Oft stand ich an der Schlossbrücke und versuchte die Königin zu sehen, wenn sie mit ihren Kavalieren ausritt. Aber die langen Kerle verdeckten ihre Gestalt, und ich musste mich mit Geschichten begnügen, die mir der Stallbursche Sven über Christine erzählte. Da ihm nur wenige Worte zur Verfügung standen, erfuhr ich nicht viel mehr, als dass sie wie ein Engel regiere und wie ein Teufel reite.

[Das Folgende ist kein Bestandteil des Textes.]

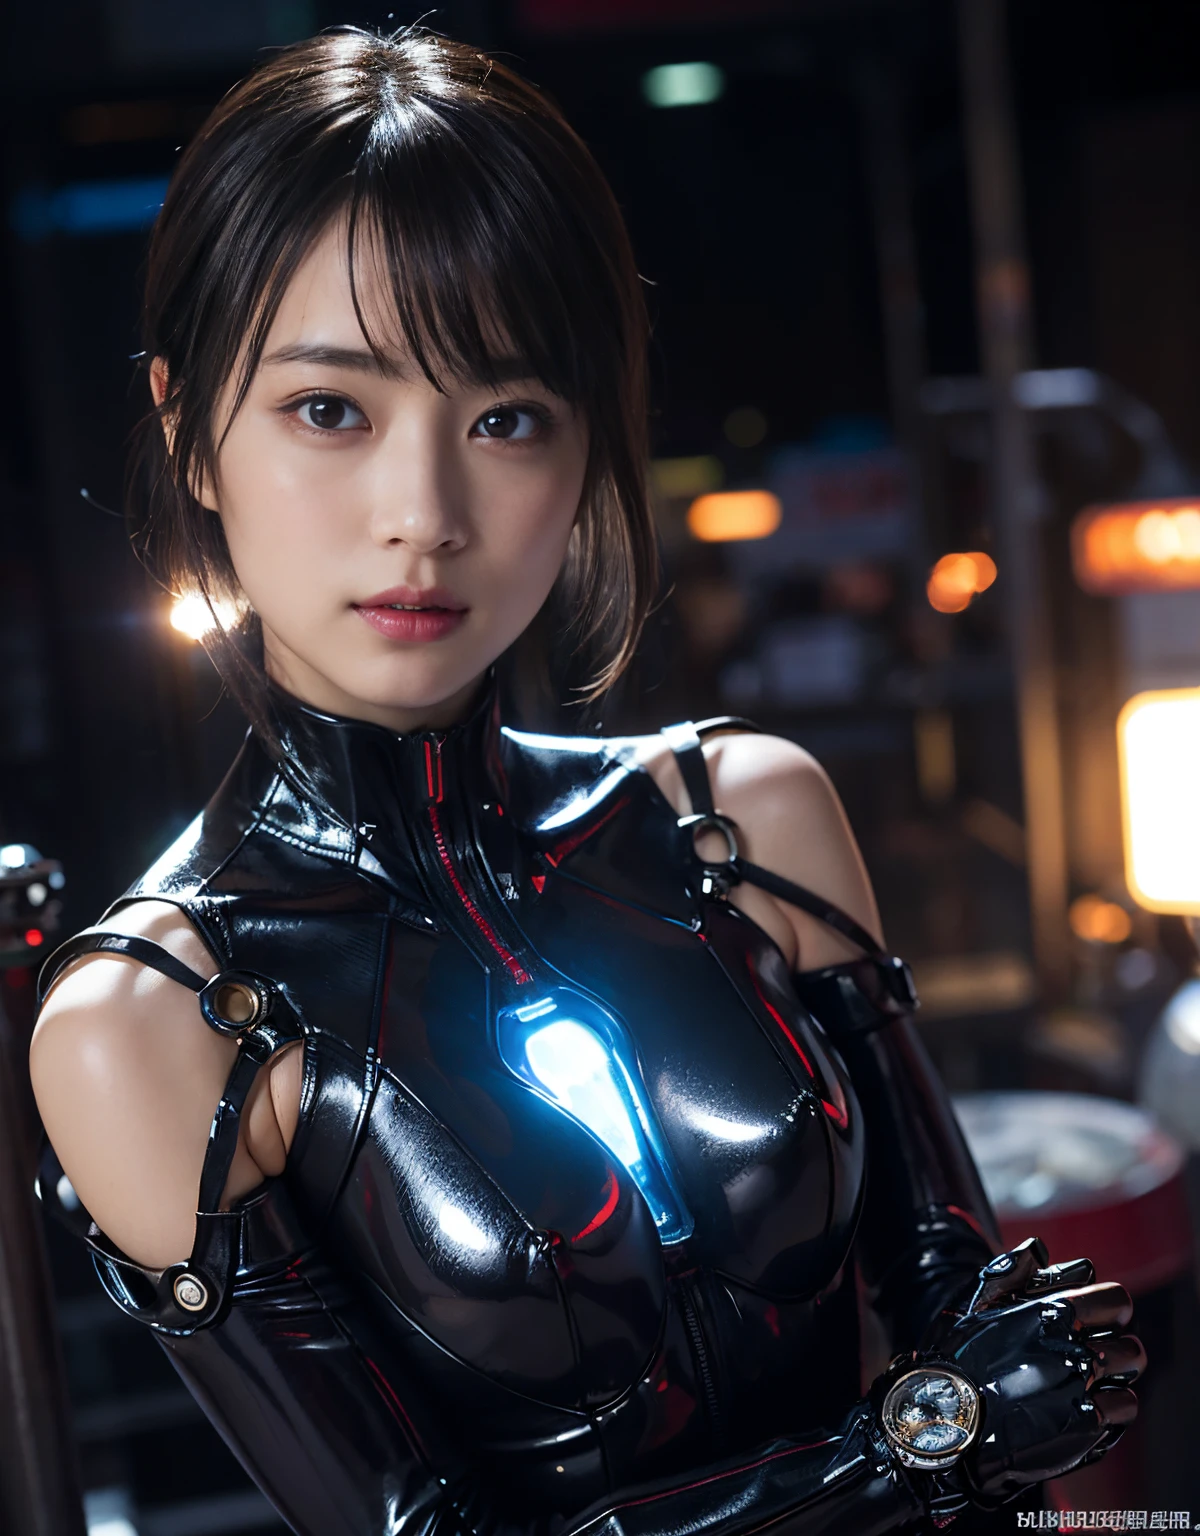 (1 Mechanical Girl)、（Mystical expression）、top-quality、​masterpiece、超A high resolution、(Photorealsitic:1.4)、Raw photo、女の子1人、glowy skin、(((1 Mechanical Girl)))、（Red Metal Bodysuit）、(alien background、futuristic alien background)、(Small LED)、((super realistic details))、vertical giant monster background),globalillumination、Shadow、octan render、8K、ultrasharp、Colossal 、Raw skin exposed in the cleavage、red metal、Details of complex ornaments、Japan details、highly intricate detail、Realistic light、(Mystical expression),CG Society Trenlow Eyes、Eyes shining towards the camera、Mechanical marginal blood vessels connected to neon detail tubes)、(Wires and cables connecting to the head)、Small LED、,Mechanical thighs、Toostock、（Hands are also made of machines.traces on the cliff）、、future alien、astronaut helmet、

Die ganze Stadt war auf den Beinen, als Feldmarschall Torstensson nach Stockholm heimkehrte. Mein Vater hatte ihn mir oft beschrieben, und ich erwartete einen Recken hoch zu Pferde. Stattdessen trug man ihn in einer Sänfte durch die Straßen.

Mit seinen dreiundvierzig Jahren glich Lennart Torstensson einem Greis am Rande des Grabes. Bleich und aufgeschwemmt, zeitweise fast bewegungsunfähig durch die Podagra, gequält von Steinleiden. Es ist mir bis heute rätselhaft, wie dieser kranke Mann es fertiggebracht hat, vier Jahre lang von einem Schlachtfeld zum nächsten zu hetzen.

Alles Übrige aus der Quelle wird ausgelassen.